--- Material provided ---
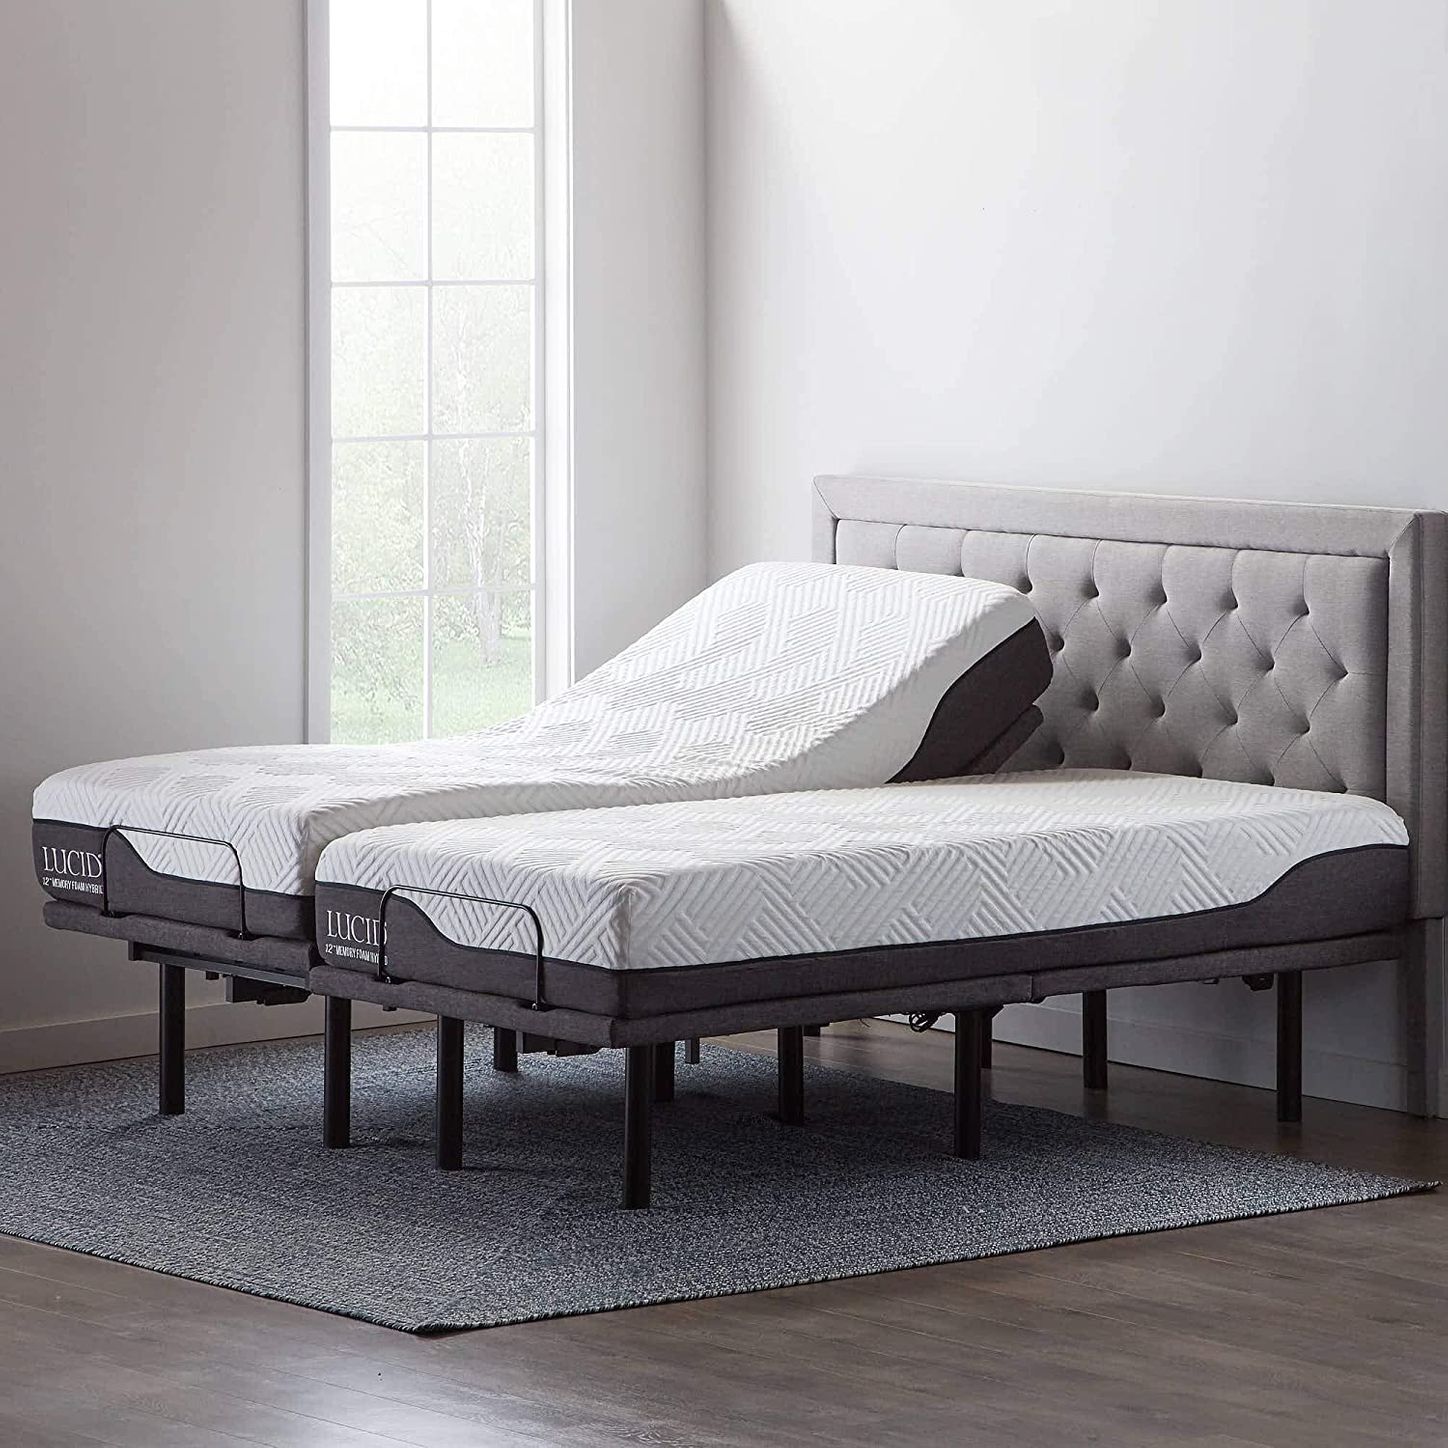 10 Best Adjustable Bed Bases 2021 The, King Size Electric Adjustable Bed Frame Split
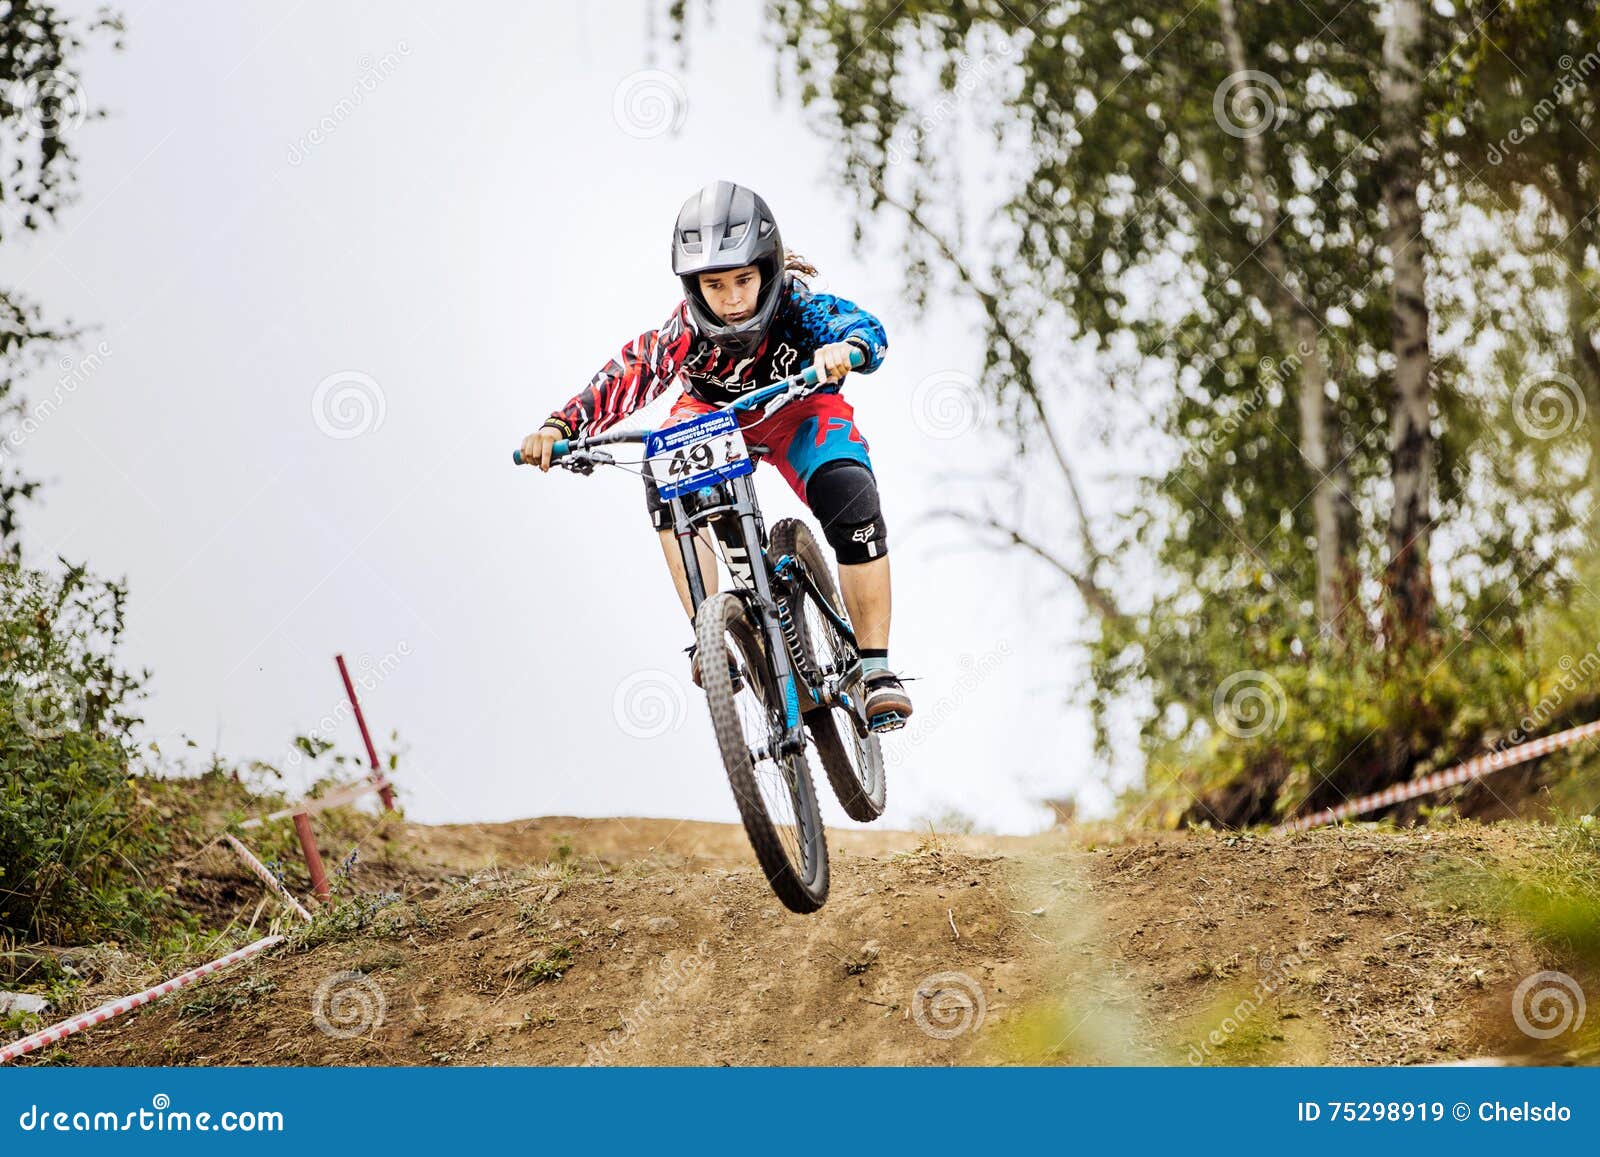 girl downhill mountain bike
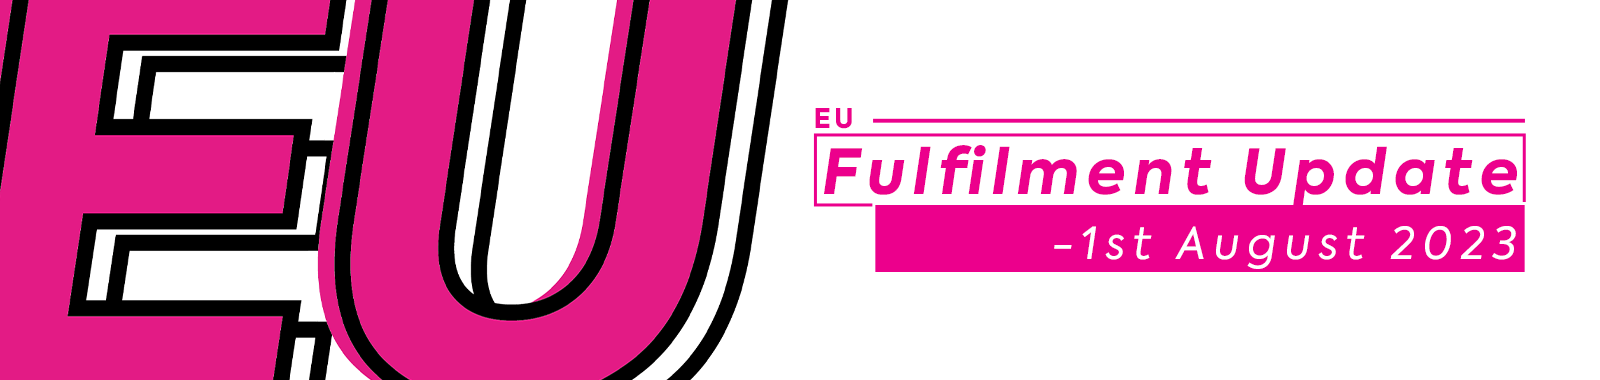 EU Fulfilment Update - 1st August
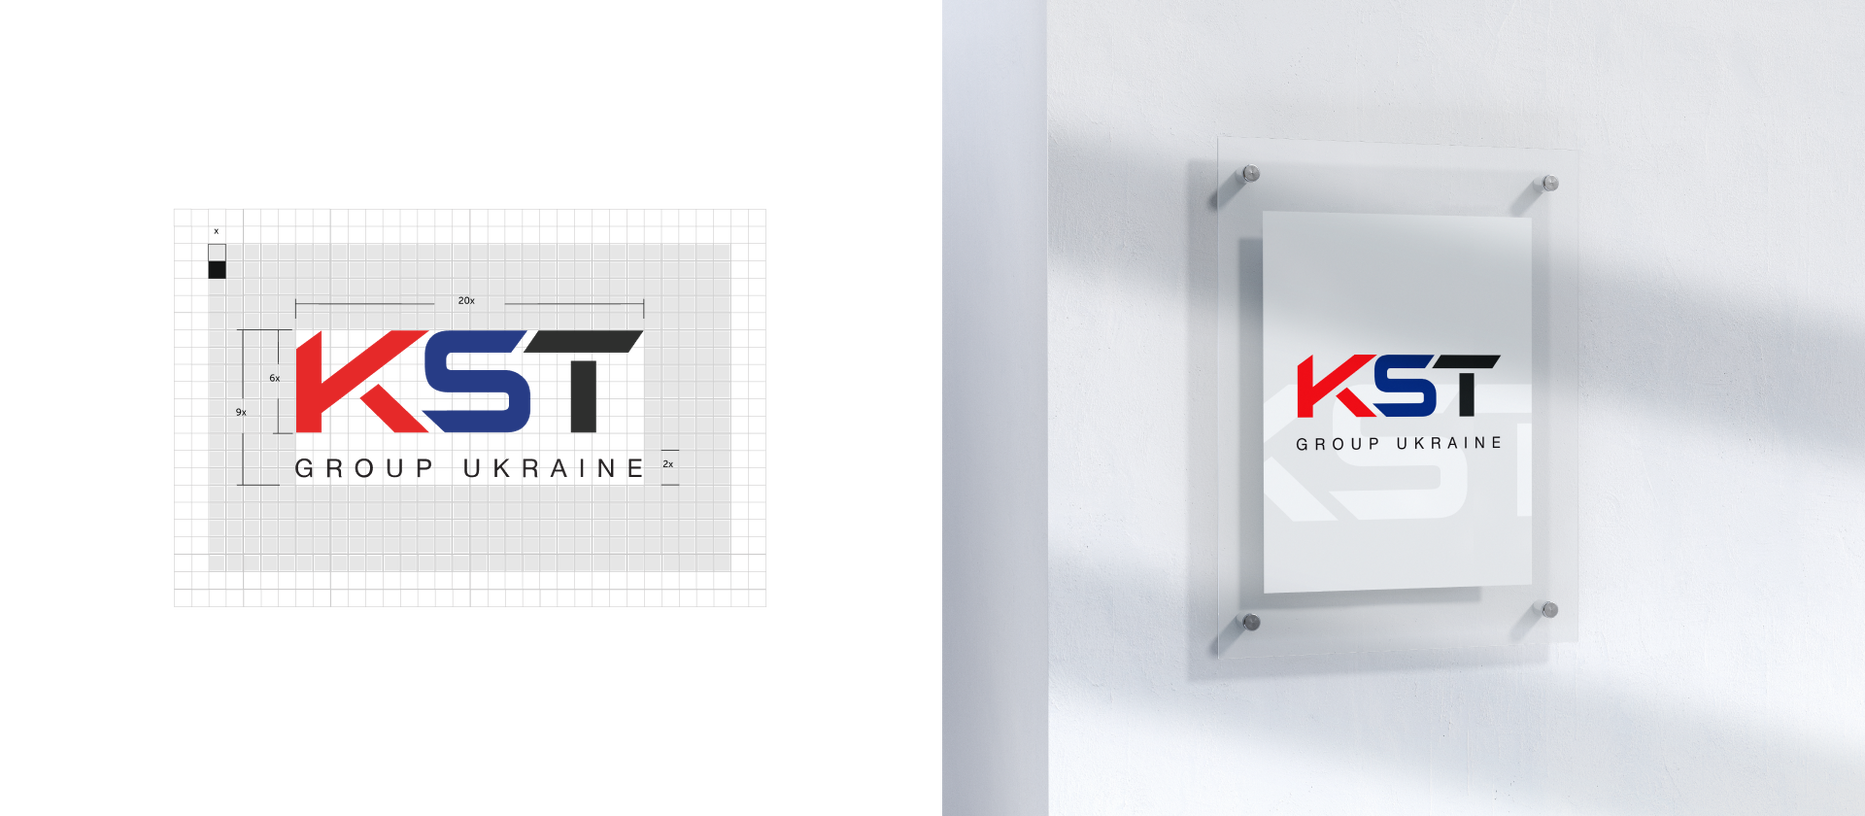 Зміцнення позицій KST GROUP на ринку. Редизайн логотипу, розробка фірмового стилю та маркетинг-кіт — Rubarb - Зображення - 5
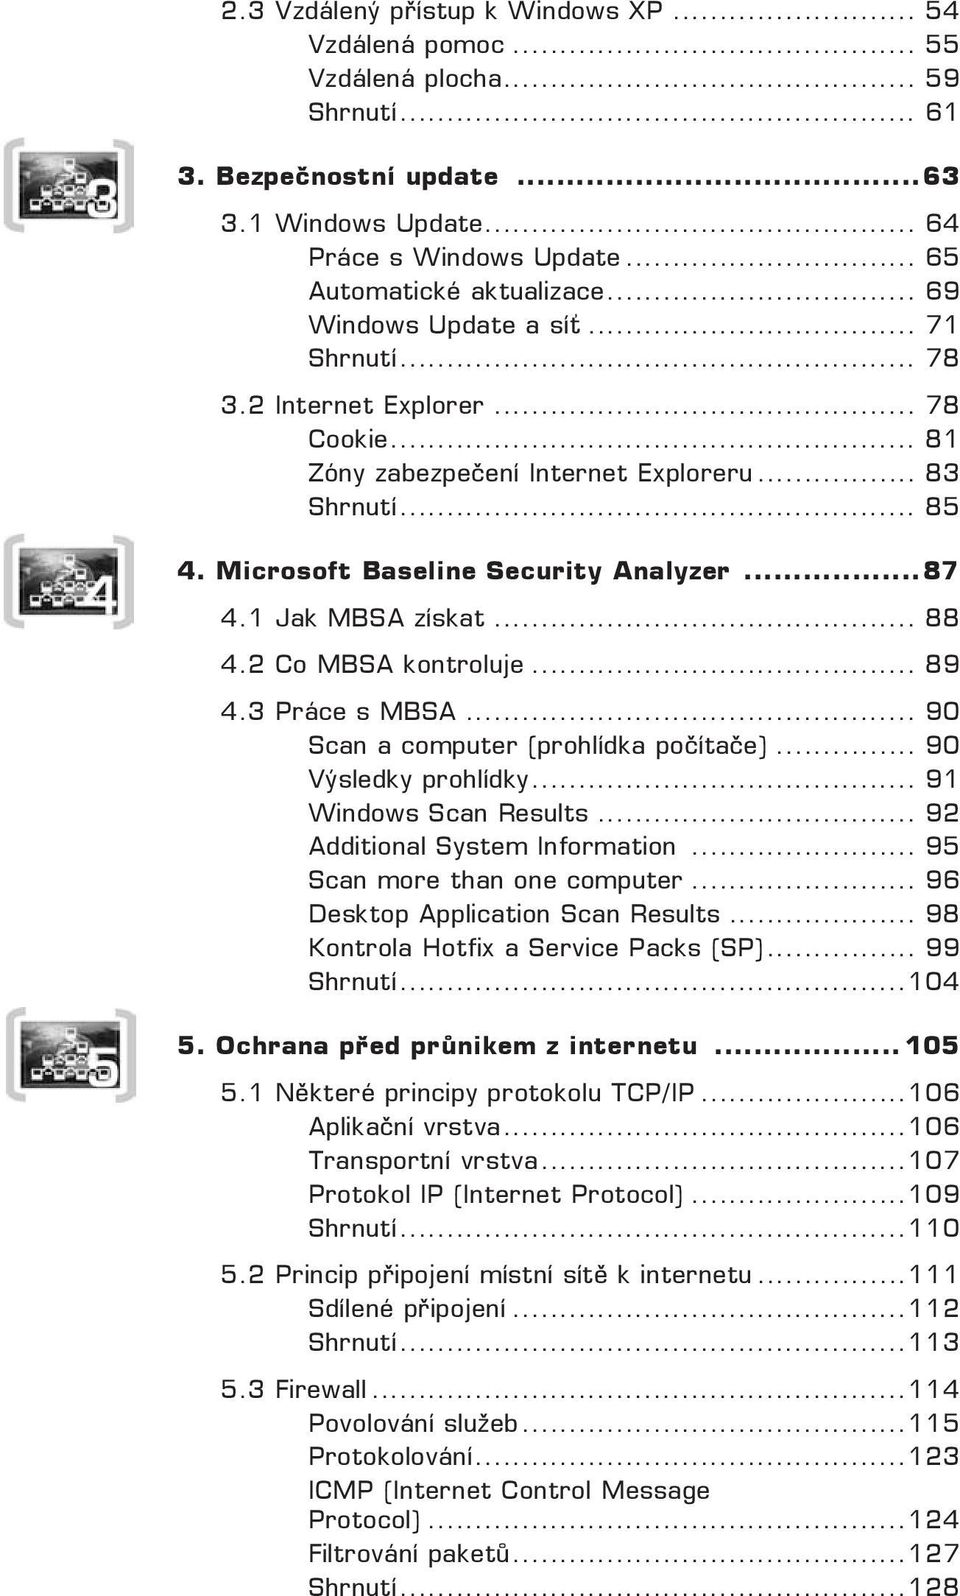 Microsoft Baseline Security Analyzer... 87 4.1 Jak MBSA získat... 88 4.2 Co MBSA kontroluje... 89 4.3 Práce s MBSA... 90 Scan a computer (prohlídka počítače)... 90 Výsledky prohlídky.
---
What the task asks | Extract the full listing above verbatim; pictures are to be left out of the copy.

Your response |
 10 Best Adjustable Bed Bases 2021 The, King Size Electric Adjustable Bed Frame Split
 girl downhill mountain bike
 EU Fulfilment Update - 1st August
 Зміцнення позицій KST GROUP на ринку. Редизайн логотипу, розробка фірмового стилю та маркетинг-кіт — Rubarb - Зображення - 5
 Microsoft Baseline Security Analyzer... 87 4.1 Jak MBSA získat... 88 4.2 Co MBSA kontroluje... 89 4.3 Práce s MBSA... 90 Scan a computer (prohlídka počítače)... 90 Výsledky prohlídky.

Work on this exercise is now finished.